[What is needed]: Retype the listing exactly. Leave out the images.

[Information provided]:
********************

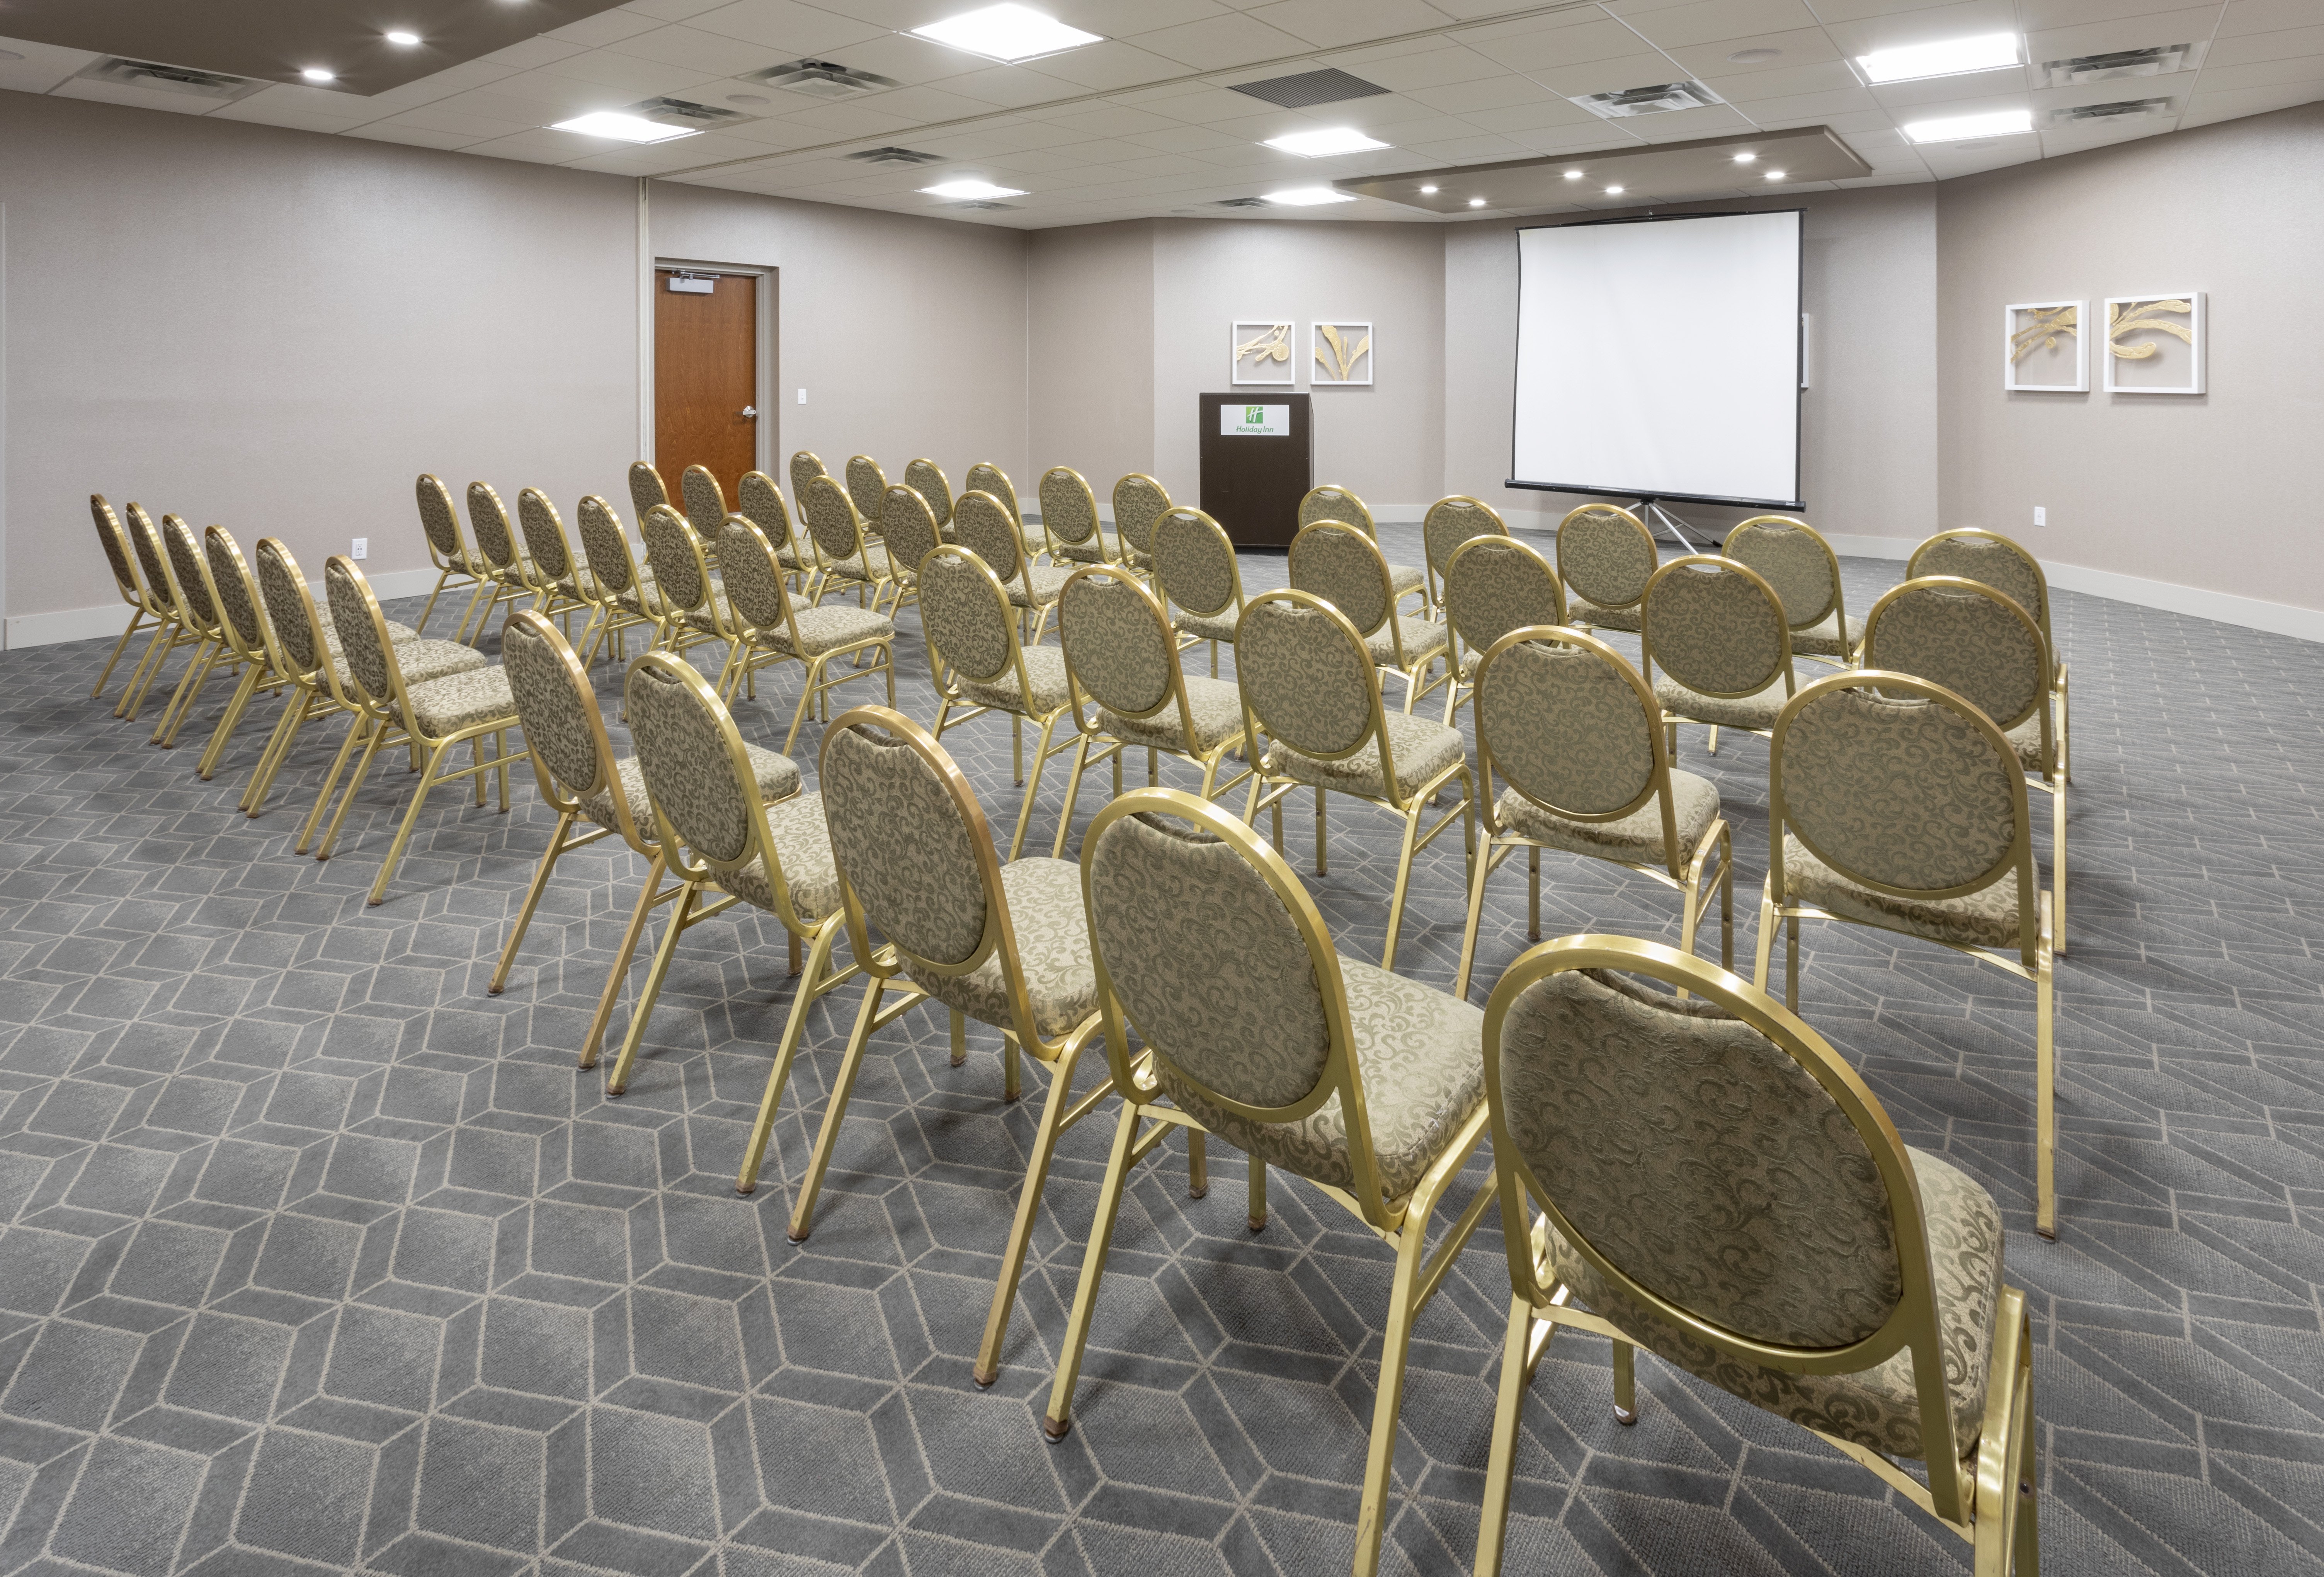 Meeting rooms large or small to meet your needs
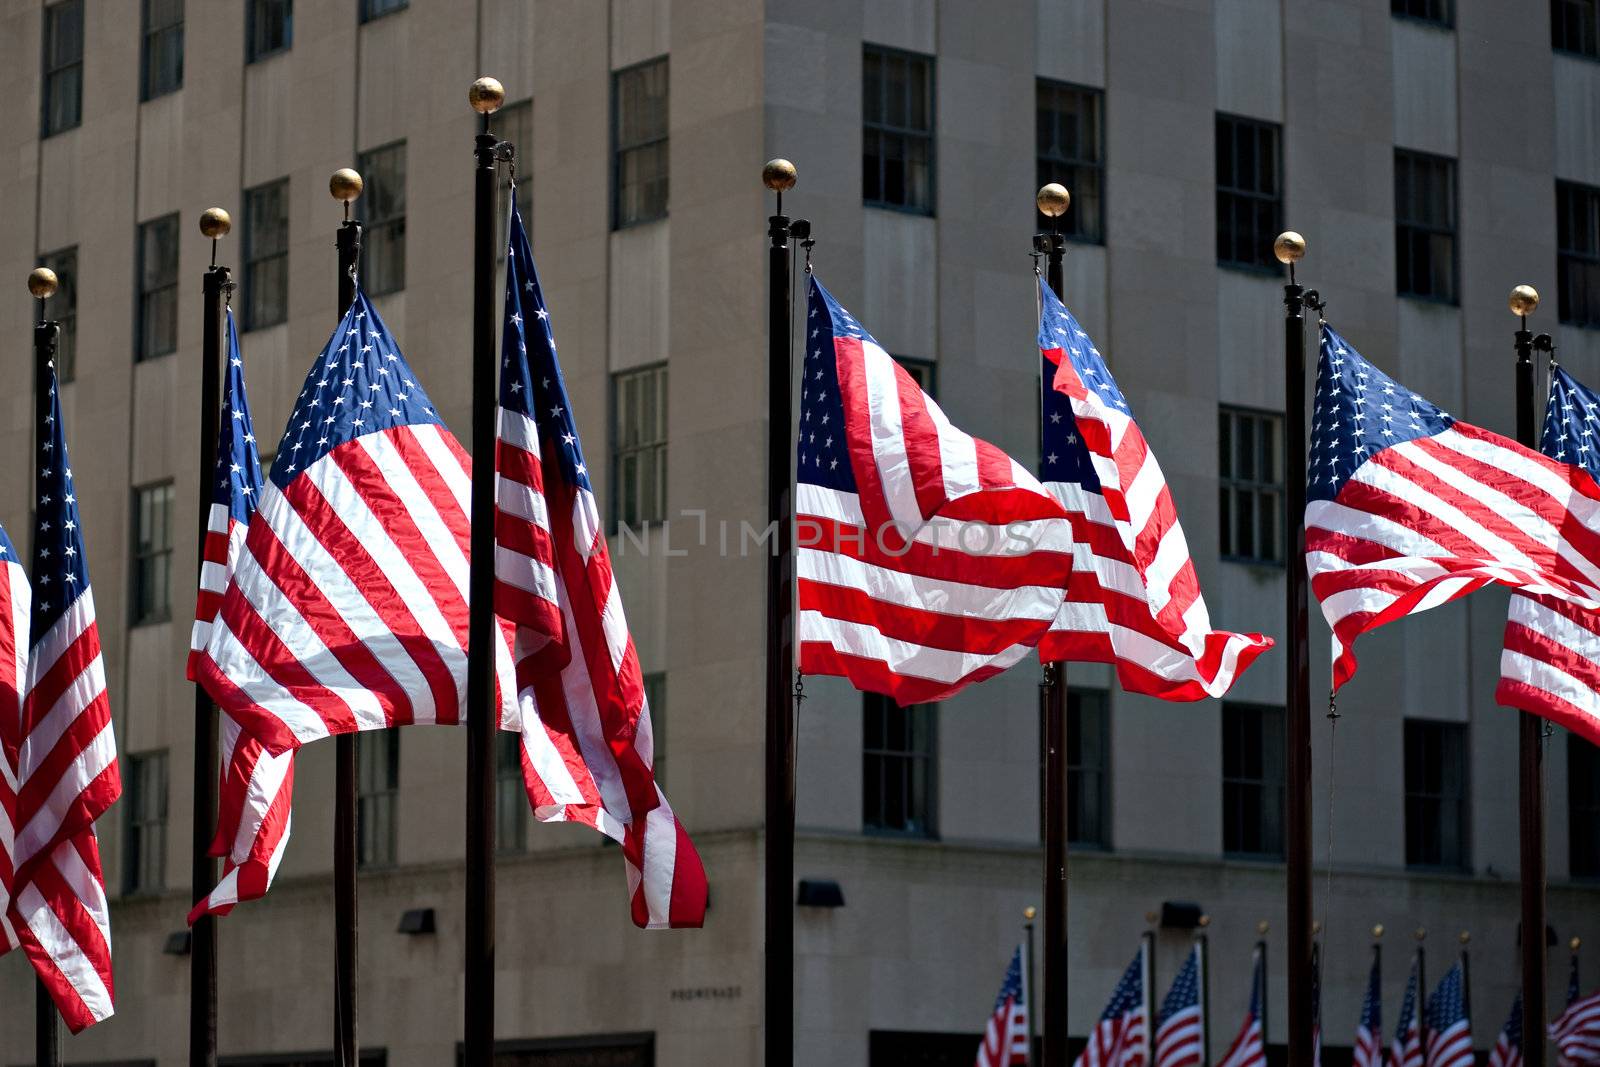 Flags of the United States for 4th of July in front of buildings
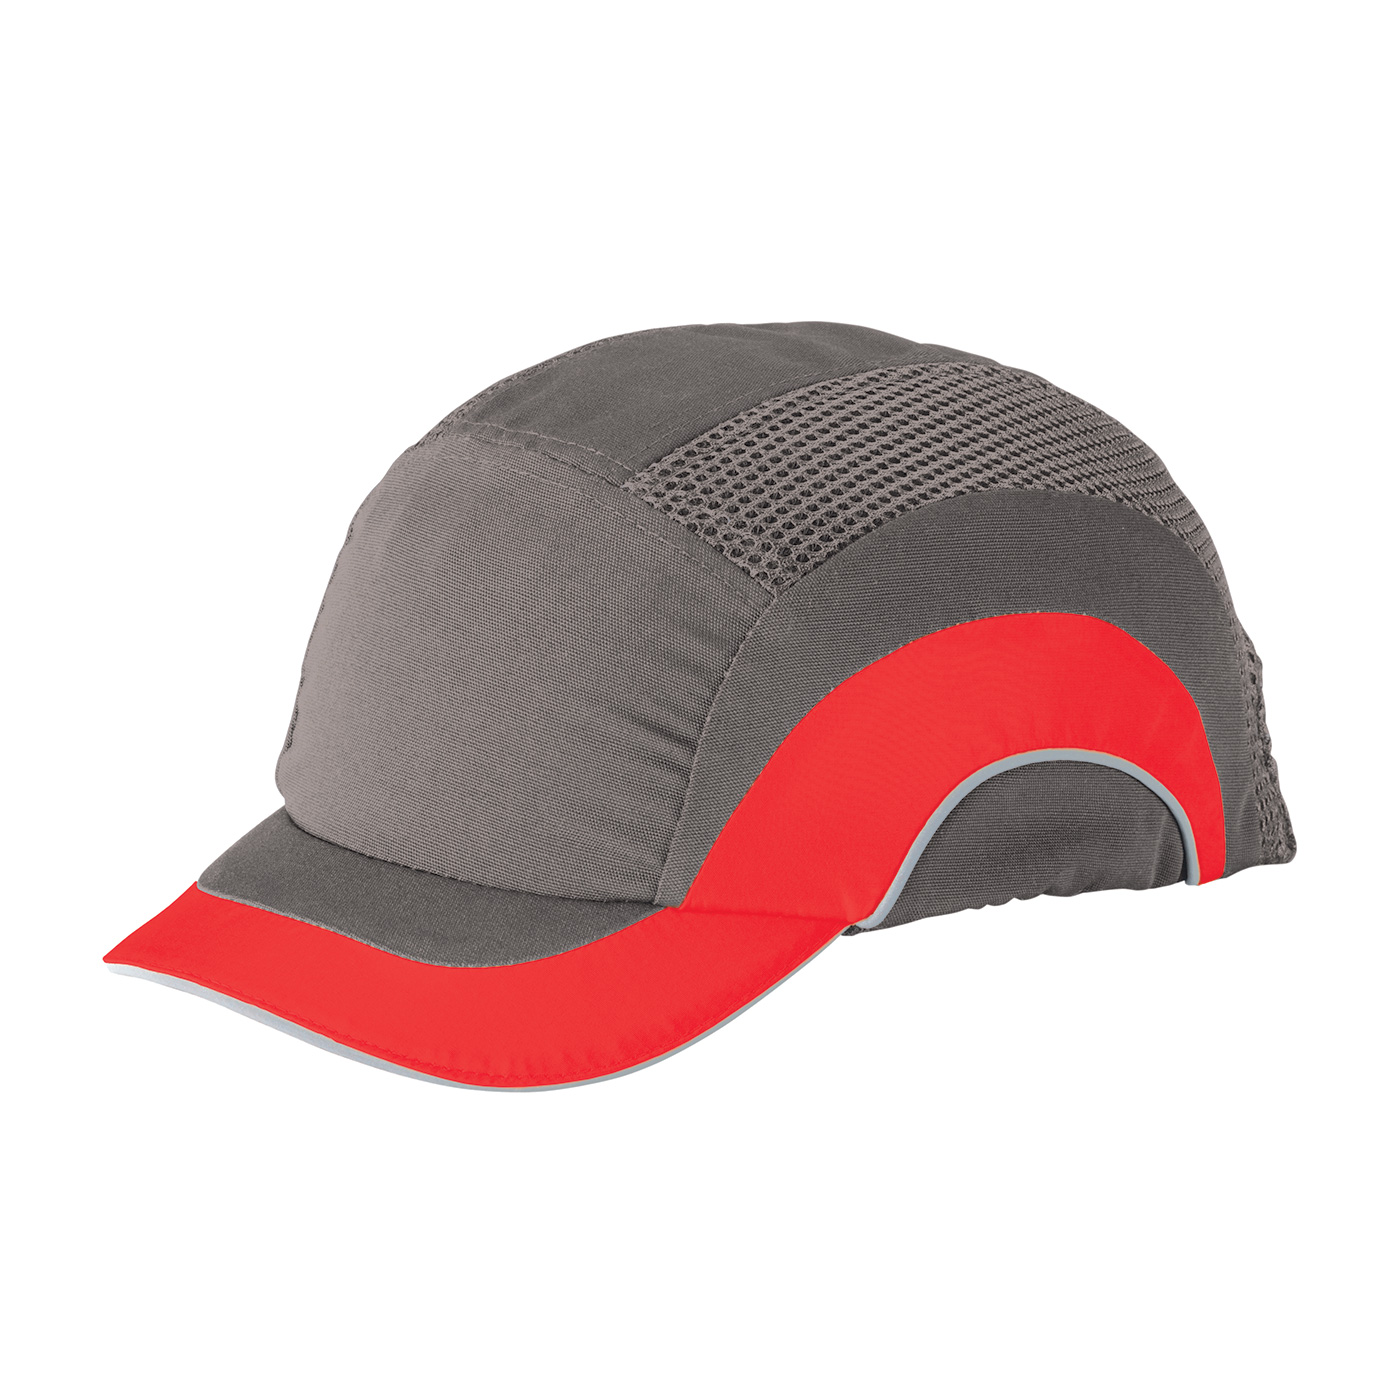 282-ABS150 PIP® HardCap A1+™ Low Profile Baseball Style Bump Cap with HDPE Protective Liner and 2` Short Brim - Red/Gray

********************

[Answer to this task]:
 Meeting rooms large or small to meet your needs
 Flags of the United States for 4th of July in front of buildings
 282-ABS150 PIP® HardCap A1+™ Low Profile Baseball Style Bump Cap with HDPE Protective Liner and 2` Short Brim - Red/Gray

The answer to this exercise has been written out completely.